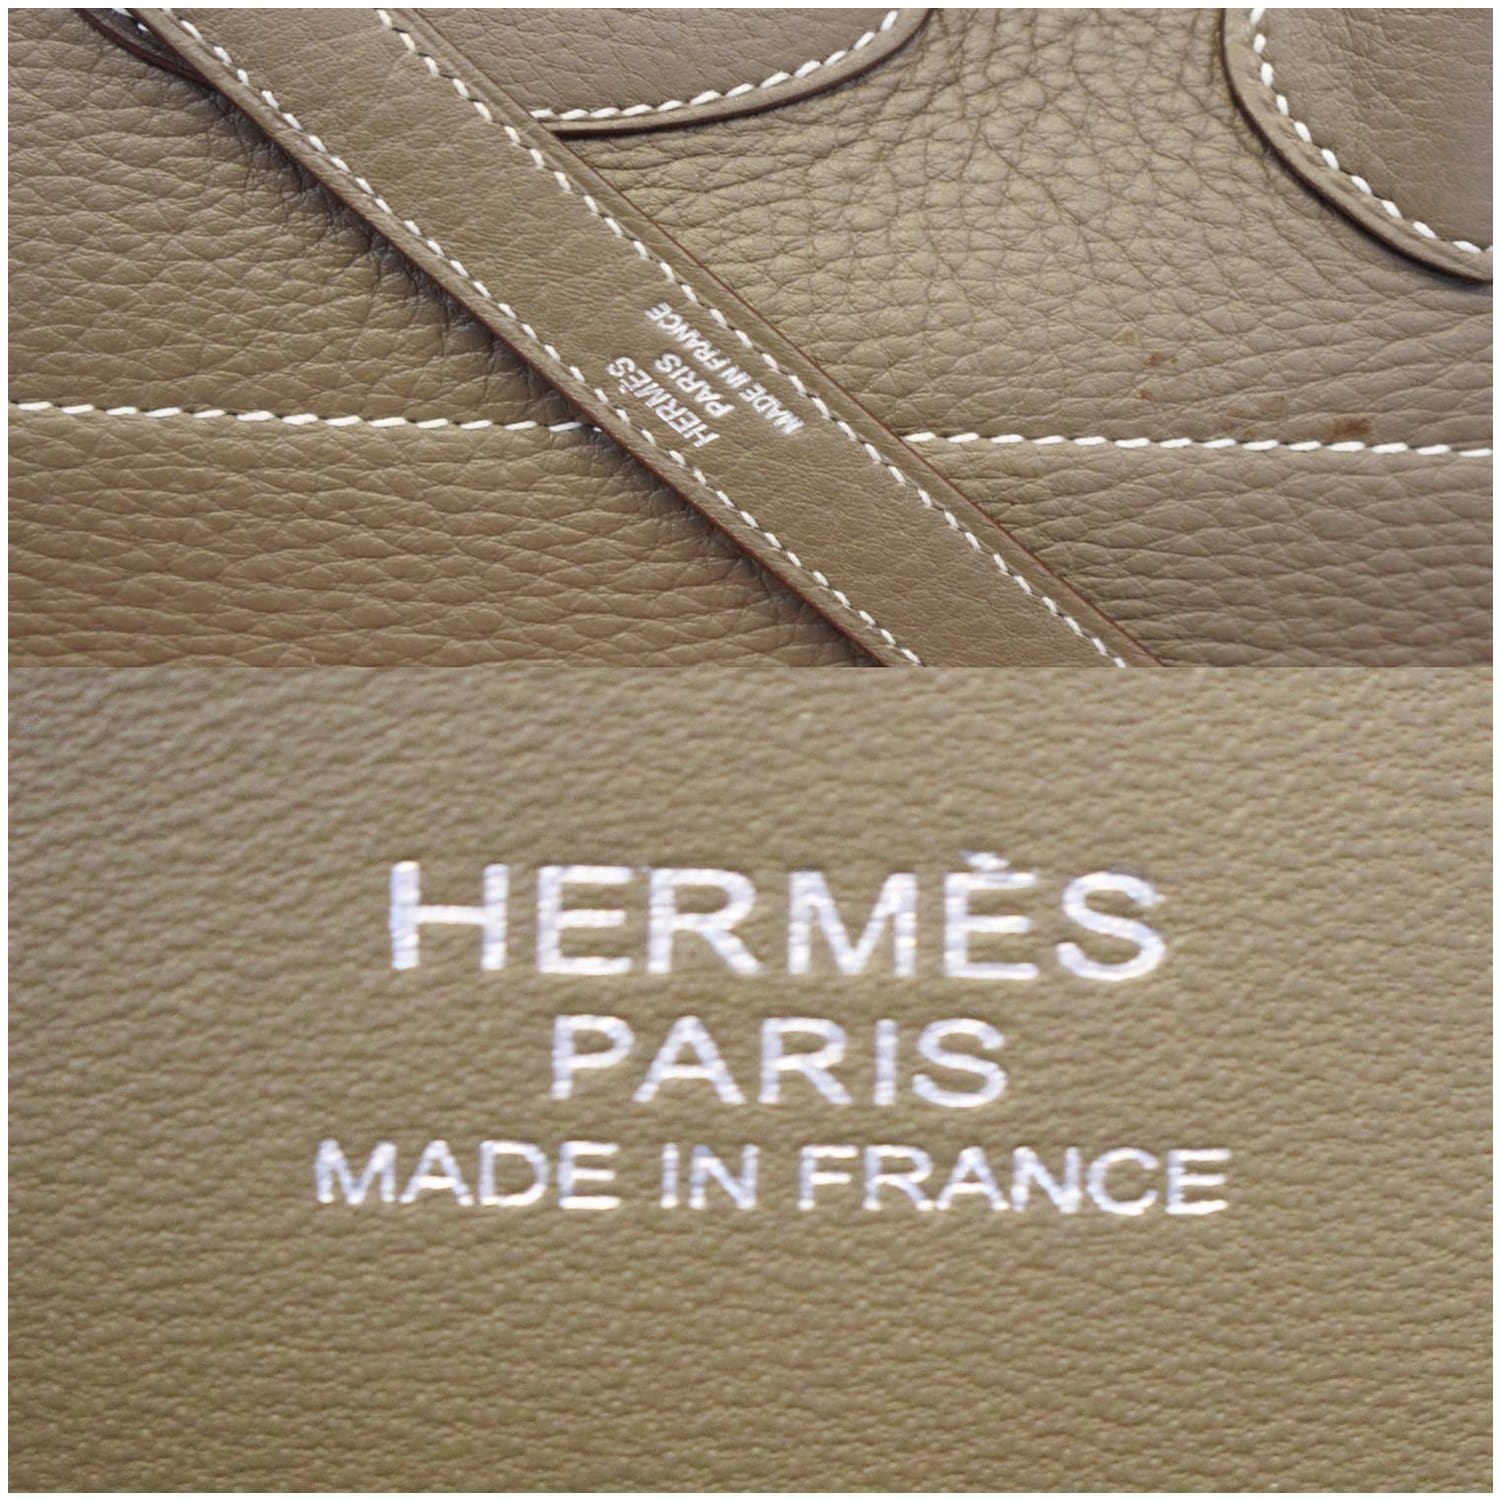 The Hermès Bolide: Beauty in Simplicity
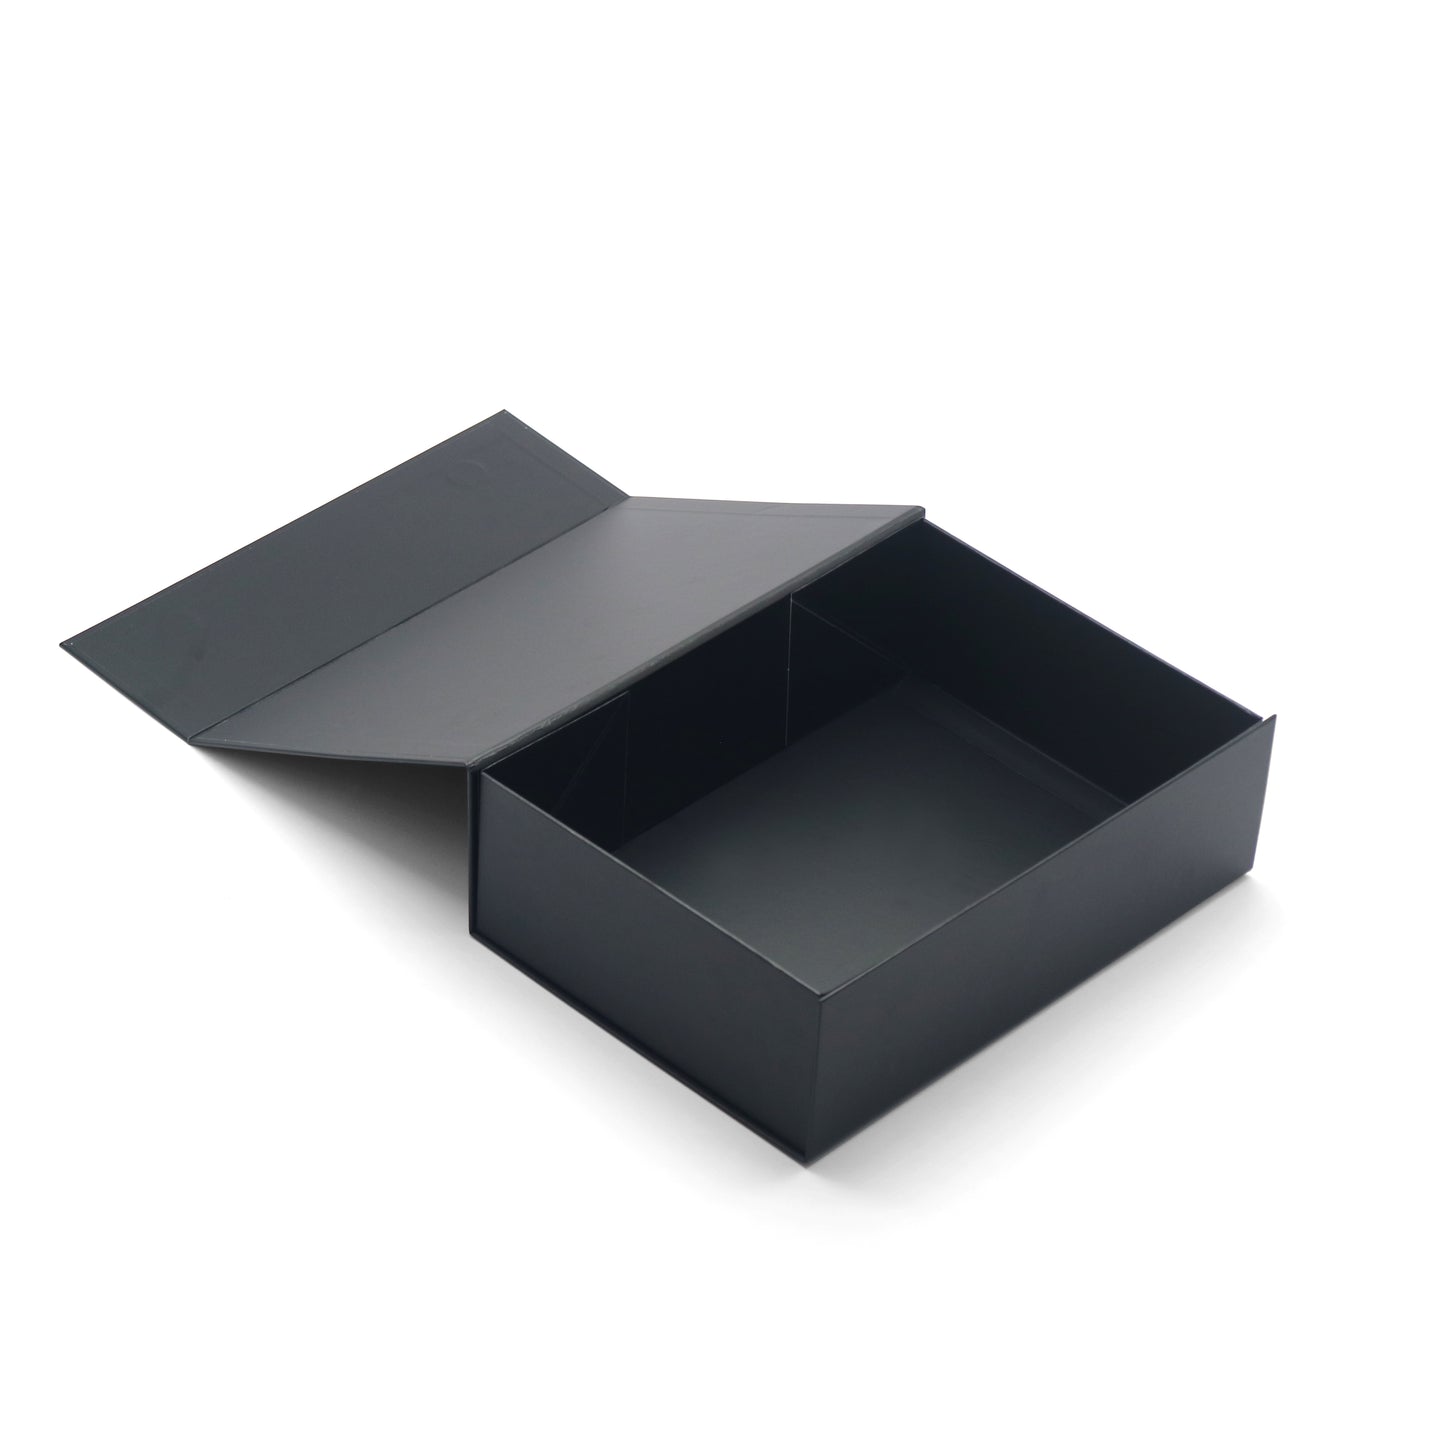 AVUX 11x8x3.5 inches (Pack of 4) Glossy Gift Box with Magnetic Lid- A Black Colored Magnetic, Durable and Reusable Gift Box Perfect for Christmas, Weddings, and Birthday Parties
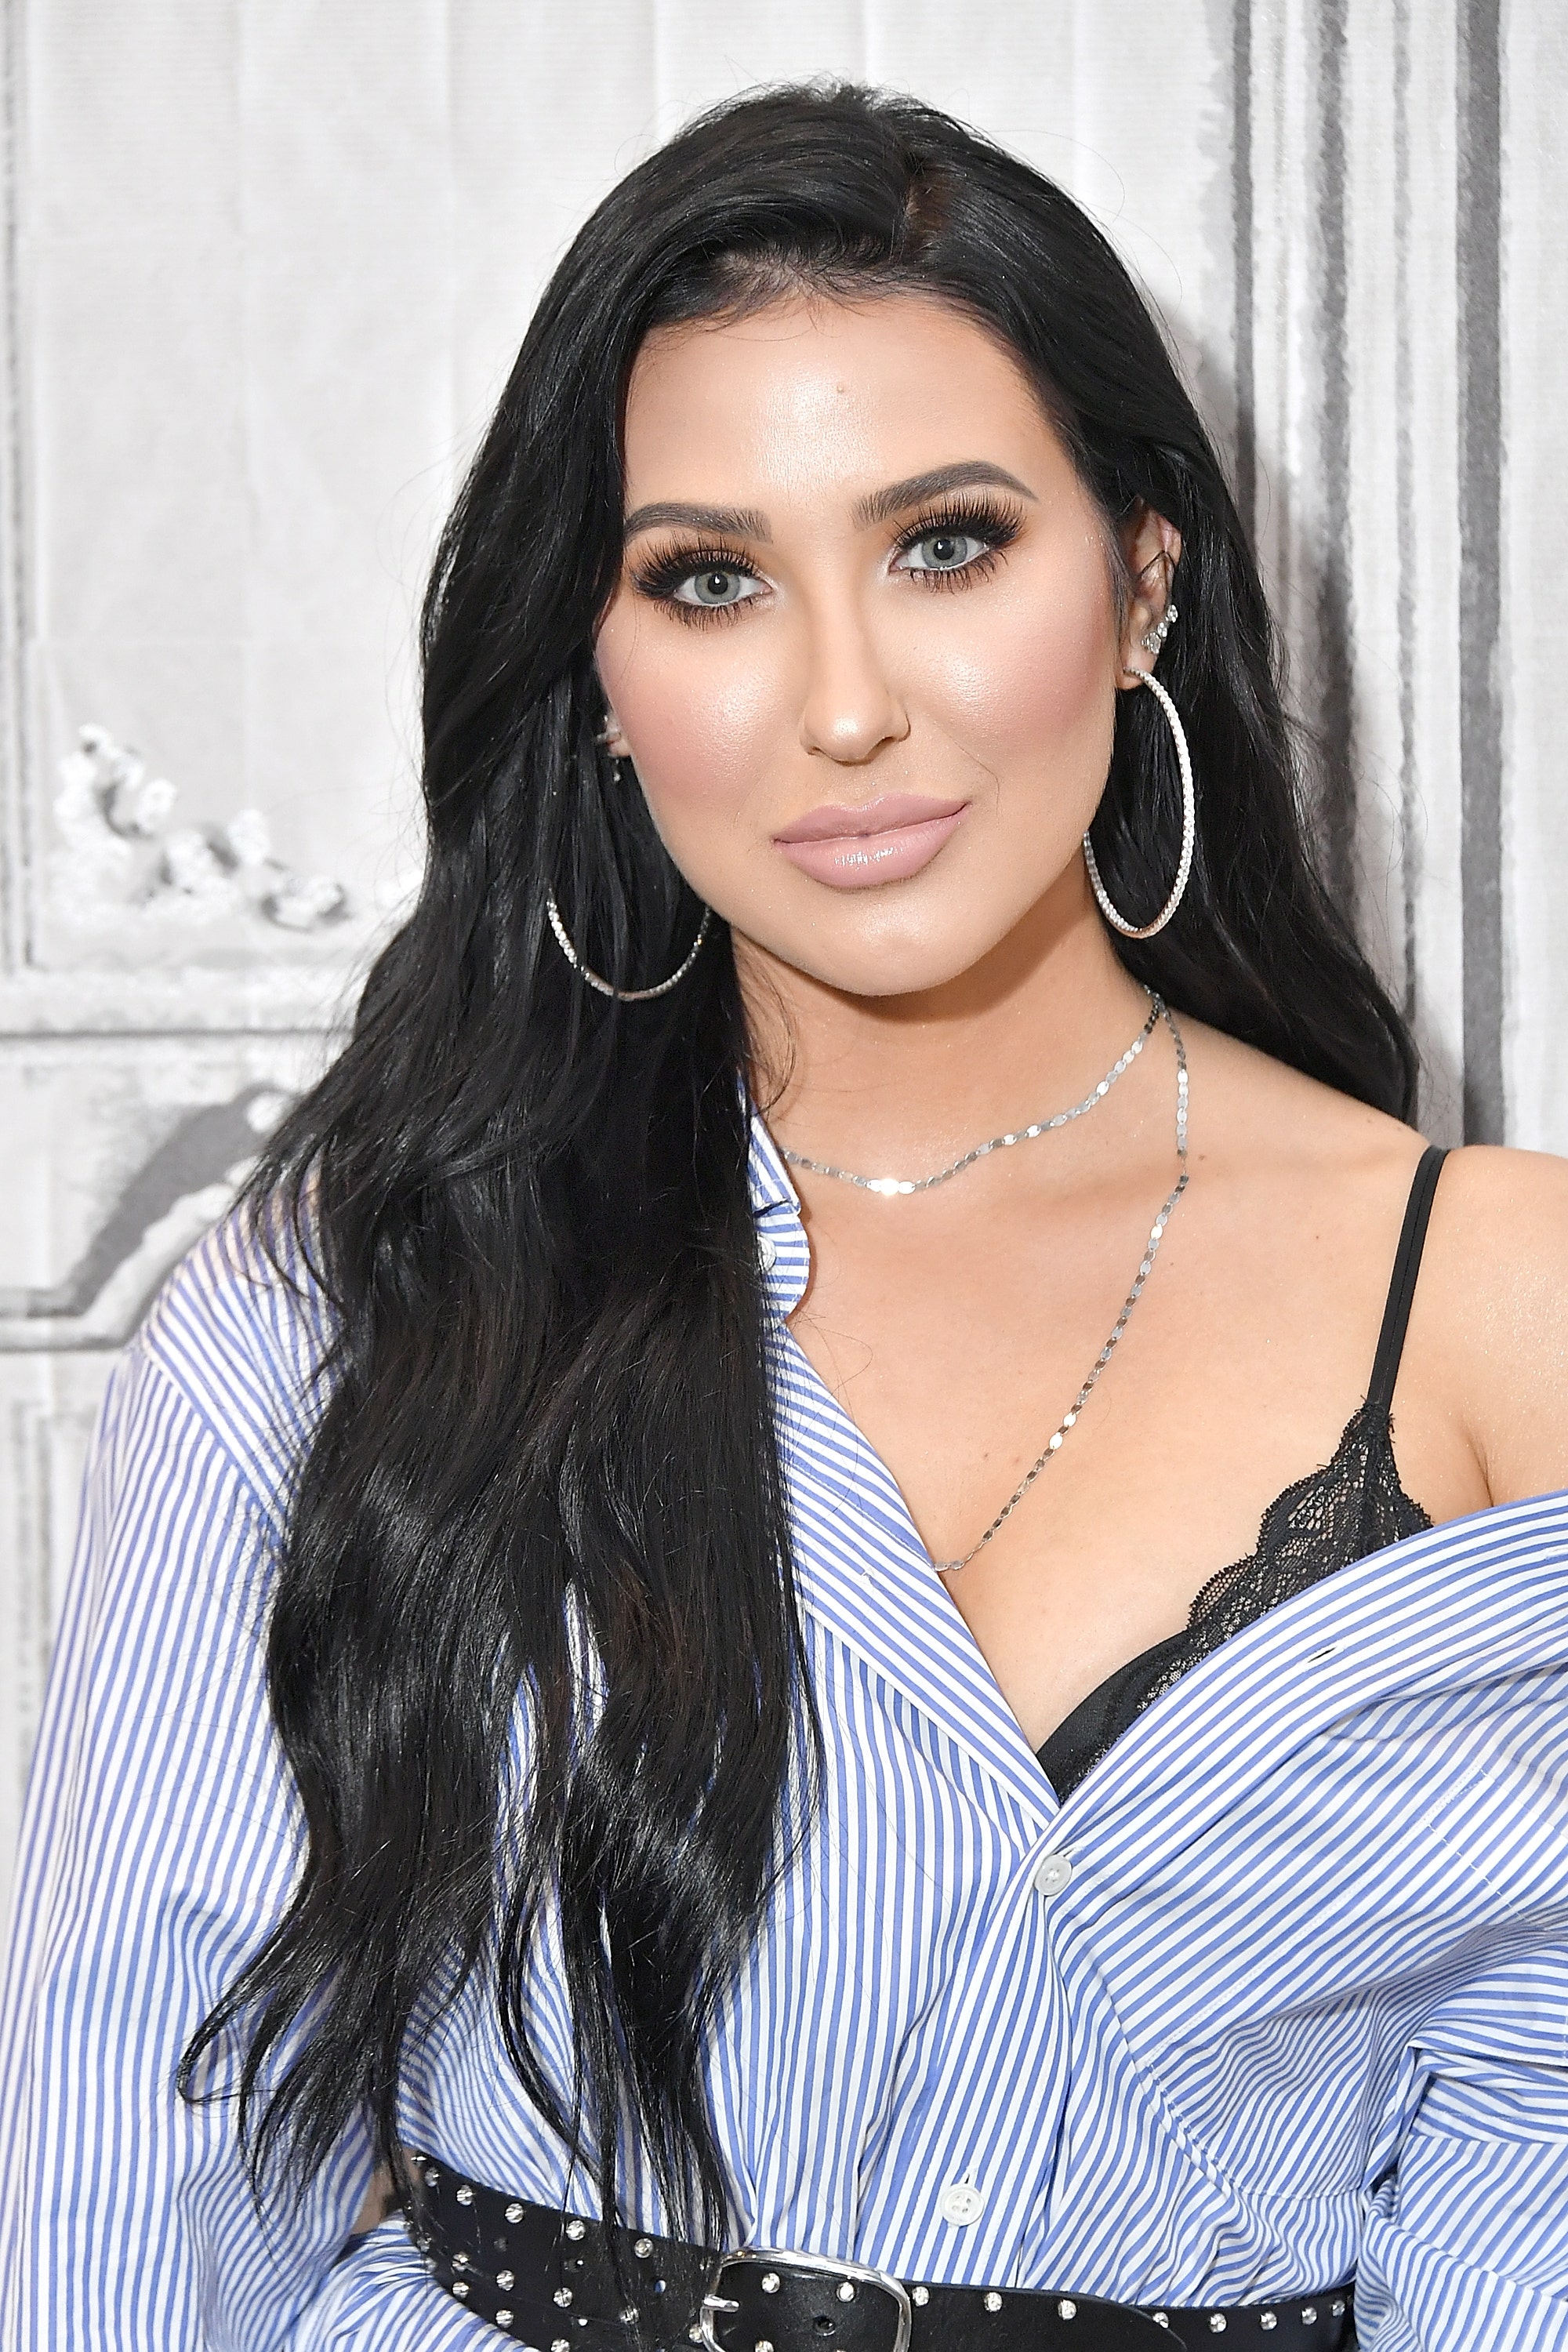 Beauty Blogger Jaclyn Hill Responds To Hairy Lumpy Lipstick
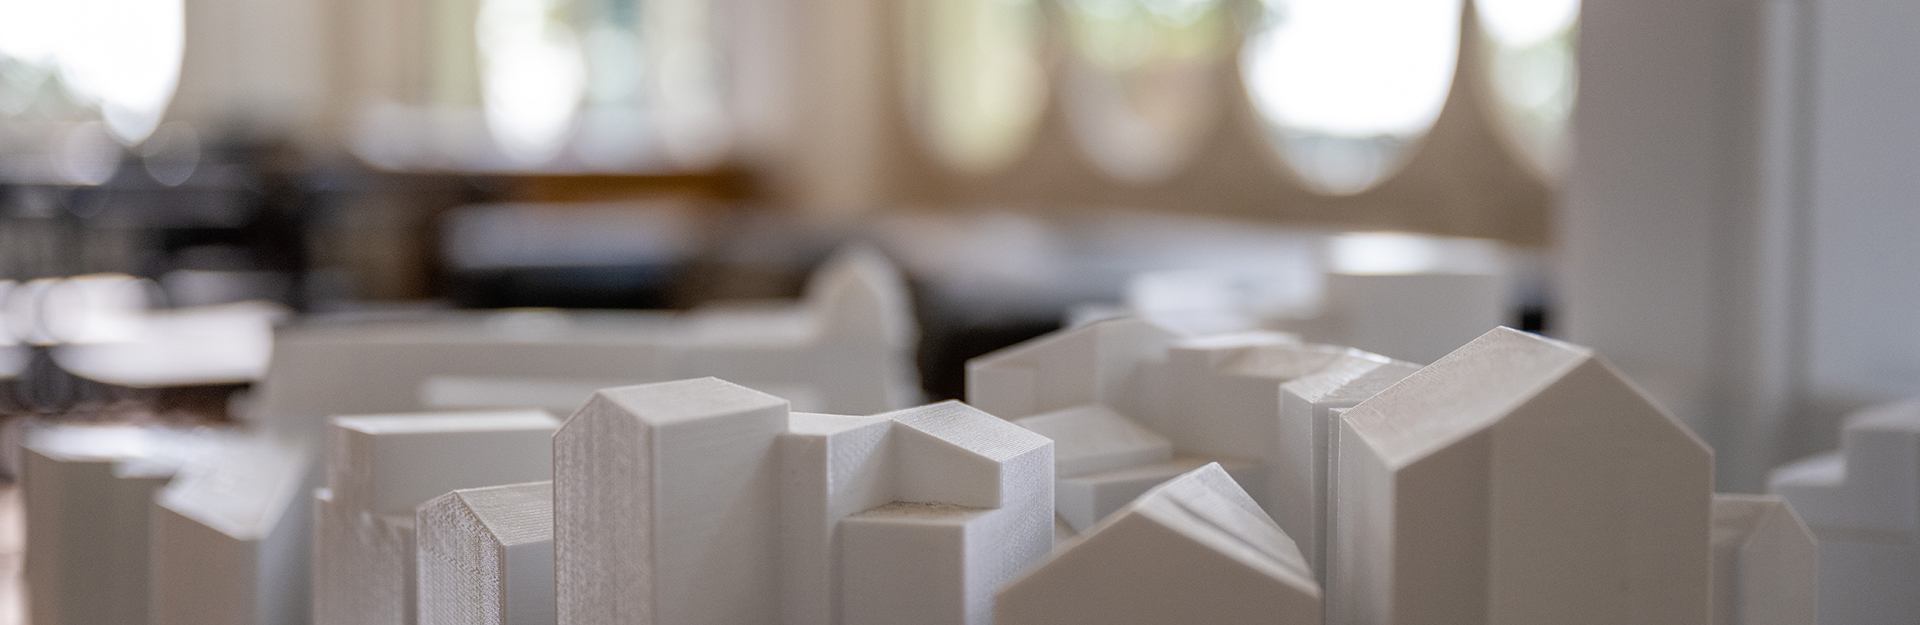 Image of white architectural models
====
*What is required*
Write the material out again exactly as it appears, dropping the pictures.

*Written response*
 The Hermès Bolide: Beauty in Simplicity
 AVUX 11x8x3.5 inches (Pack of 4) Glossy Gift Box with Magnetic Lid- A Black Colored Magnetic, Durable and Reusable Gift Box Perfect for Christmas, Weddings, and Birthday Parties
 Beauty Blogger Jaclyn Hill Responds To Hairy Lumpy Lipstick
 Image of white architectural models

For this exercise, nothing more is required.